The writing is on the wall ... all you have to do is read it. 12b-1 is unlikely to remain intact in the face of regulatory and legislative concerns, imprudence of using high cost share classes, dollar and cents fee disclosures, level compensation requirements, class action litigation and availability of low cost investment alternatives.
While many advisers will wait for the axe to fall as it has on fee-based accounts, forward thinkers will protect their compensation by changing to fee structures that will survive past 12b-1. Alternatives are available today for advisers to avoid the 12b-1 execution.

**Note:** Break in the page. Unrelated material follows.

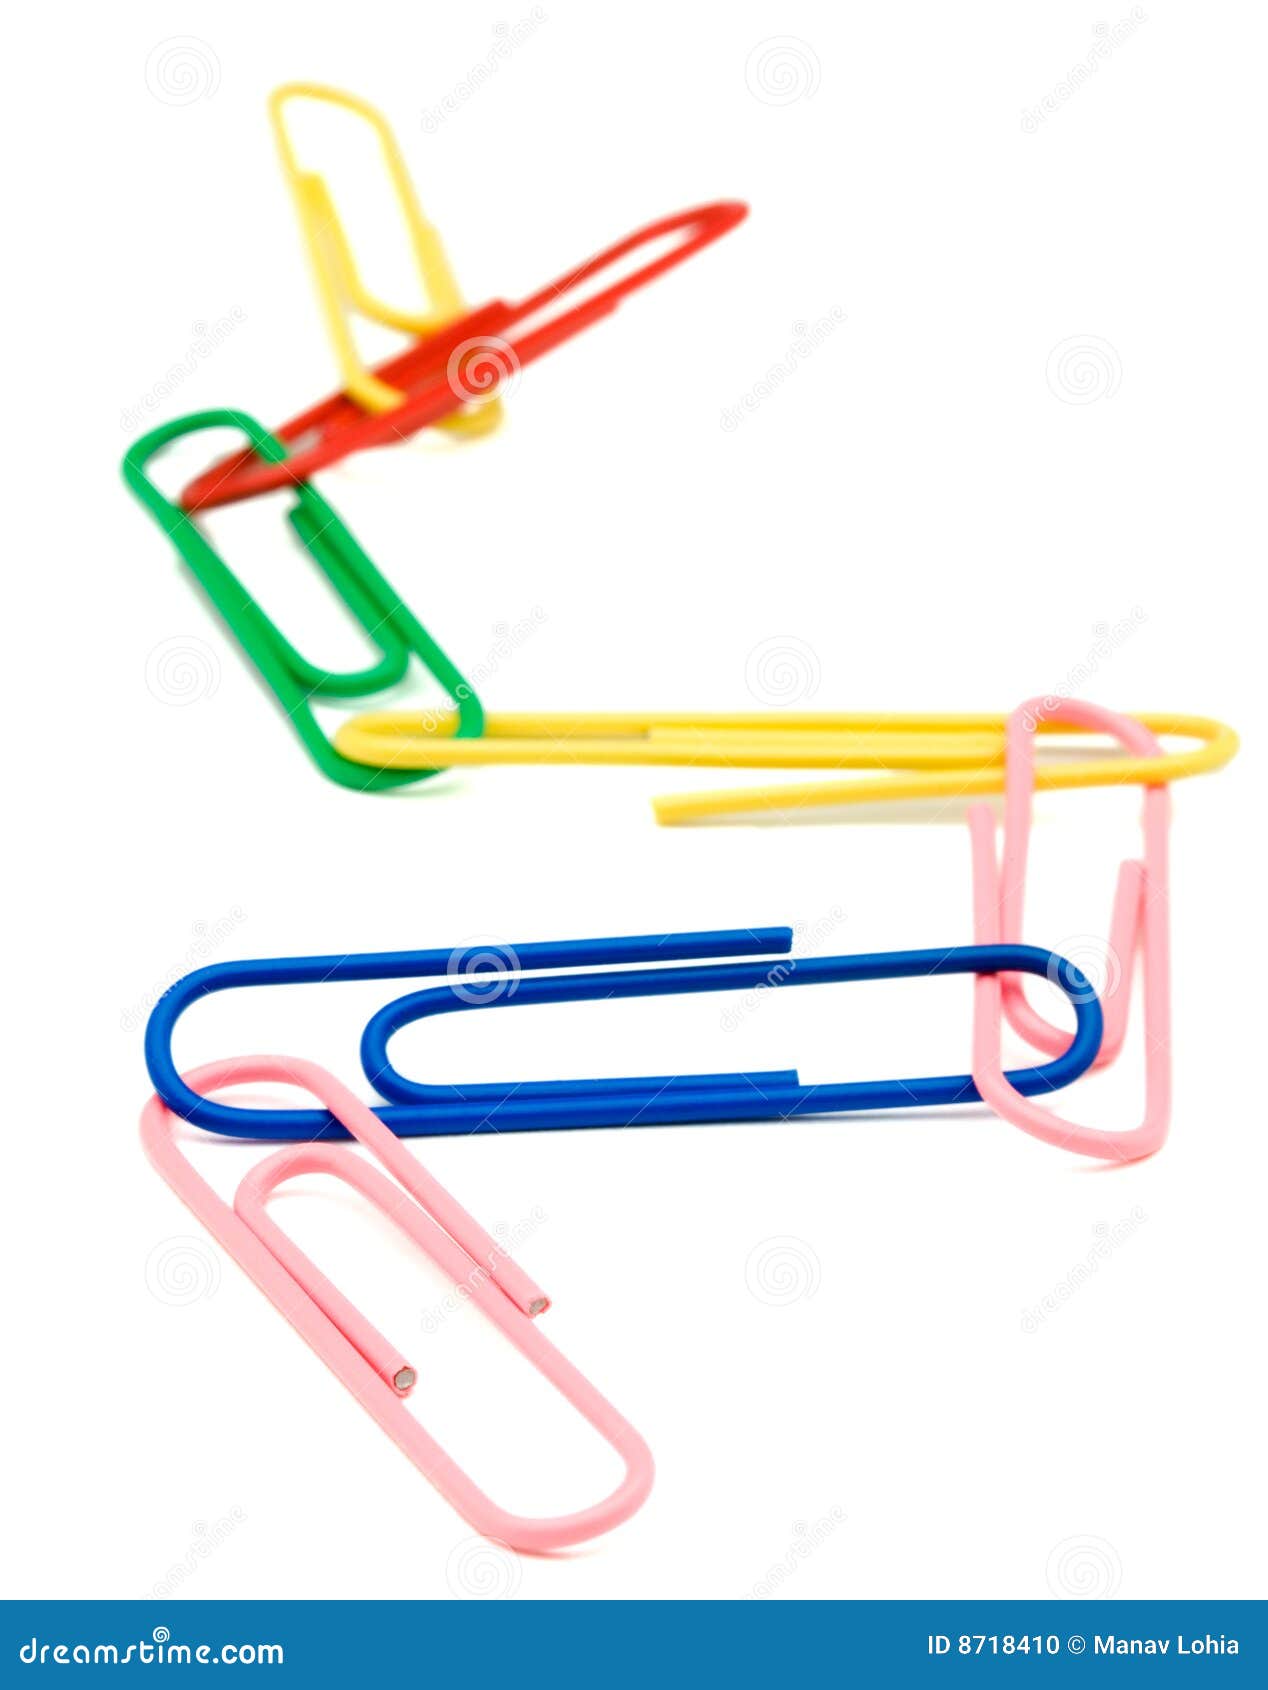 paper clips linked together

The 12b-1 approach to compensation may be comfortable for an adviser since the cost is bundled into the price of a fund and most plan sponsors rely on the adviser to monitor costs, which includes their own 12b-1 compensation. While most advisers act in the best interest of participants, there is no assurance that all advisers do. As 12b-1 is exposed to close scrutiny, abuses are very likely to be uncovered that will only continue to energize reform.

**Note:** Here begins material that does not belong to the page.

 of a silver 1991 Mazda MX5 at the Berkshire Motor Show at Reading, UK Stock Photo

The reform of 12b-1 could occur in four different ways:
1) Limit 12b-1 use to the original intended purpose*,
2) Add standards of accountability to define what advisers must do,
3) Repeal 12b-1 since its purpose has been served, or
4) Place statutory limits on fees.
Any of these reforms will compromise many advisers' current compensation and profitability.
The real issue with 12b-1 is not the amount of the fee as much as the opportunity for abuse. 12b-1 fees are actually an incentive for unscrupulous advisers to recommend high expense funds so as to secure compensation. As it stands today, the requirement to act in the best interest of participants is inconsistent with 12b-1 fees.
If you conclude, like I do, that the only question is when
12b-1 will cease to fund adviser services, the concerns are about what compensation methods will replace the legitimate use of 12b-1, and will new methods be as lucrative. In the ideal, those advisers who deliver value should see increases in compensation at the expense of those who do not.
Advisers can take action right now to protect their income from regulatory changes to 12b-1. Three alternatives are available today:
-Management Fee: Charge fees as a Registered Investment Adviser
-Mark-up: Mark up the prices of investments based on negotiation with plan sponsor
-Charge Participants: Charge fiduciary adviser fees directly to participants as permitted by the Pension Protection Act
Advisers, acting as Investment Adviser Representatives, can replace existing 12b-1 fees with direct compensation from plan assets or from employers. This alternative requires the adviser to be a fiduciary and enter into a formal agreement to take responsibility for the recommendations made. It is necessary for the adviser to set compensation with the plan sponsor that is independent of the platform provider or other investment managers. Advisers can make the case by switching to the lowest cost share class and illustrating the savings for the plan.
The second alternative permits advisers to add their own fee to the investment costs. Under this arrangement, the price of each investment includes the adviserís compensation but unlike 12b-1 the adviserís fee is based on services to be provided. Currently, this can be done for stocks and bonds, separately managed accounts and ETFs but are prohibited** in traditional mutual funds. Advisers would need to change investment line-ups to include only low cost investment options that permit a mark-up.
The third alternative takes advantage of the Pension Protection Act that provides for using plan assets to pay for level-fee advice. Under this alternative, an adviser shifts focus from selecting and monitoring a fund line-up to making recommendations to participants from any available investment. Under this alternative, advisers can act in the best interest of participants and relieve the plan sponsor of liability. Fees taken directly from participant accounts replace the 12b-1. This alternative is likely to be more lucrative than the 12b-1 since advisers can charge fees based on services rendered.
If 12b-1 compensation is taken off the table, investment product distribution will rely on each providerís ability to adapt to the alternatives that replace it. For the Management Fee alternative, providers must offer low cost share classes. For the Mark-up alternative, providers must offer products where advisers can add their own fees. The alternative to Charge Participants will require wholesaling in the traditional sense to bring product features to the attention of advisers.
The alternatives discussed here do represent a major shift in the way business is conducted today but in all likelihood the current business structure will go the way of the blacksmith after the introduction of automobiles.
Advisers may choose to fight the change but are not likely to prevail over the forces at play. The more productive course is to find alternative compensation methods for the excellent services that advisers provide to the retirement community.
*According to the Investment Company Institute
, 52 percent of 12b-1 fees pay for ongoing services, while 40 percent compensate "financial advisers for initial assistance." Only eight percent goes to promotion, advertising and paying fund underwriters.
**Investment Company Act of 1940, section 22(d) requires that each fund (of a particular class) be offered to the public at the same price, thus precluding any mark-up for an adviser's services.
Louis S. Harvey is the president of DALBAR.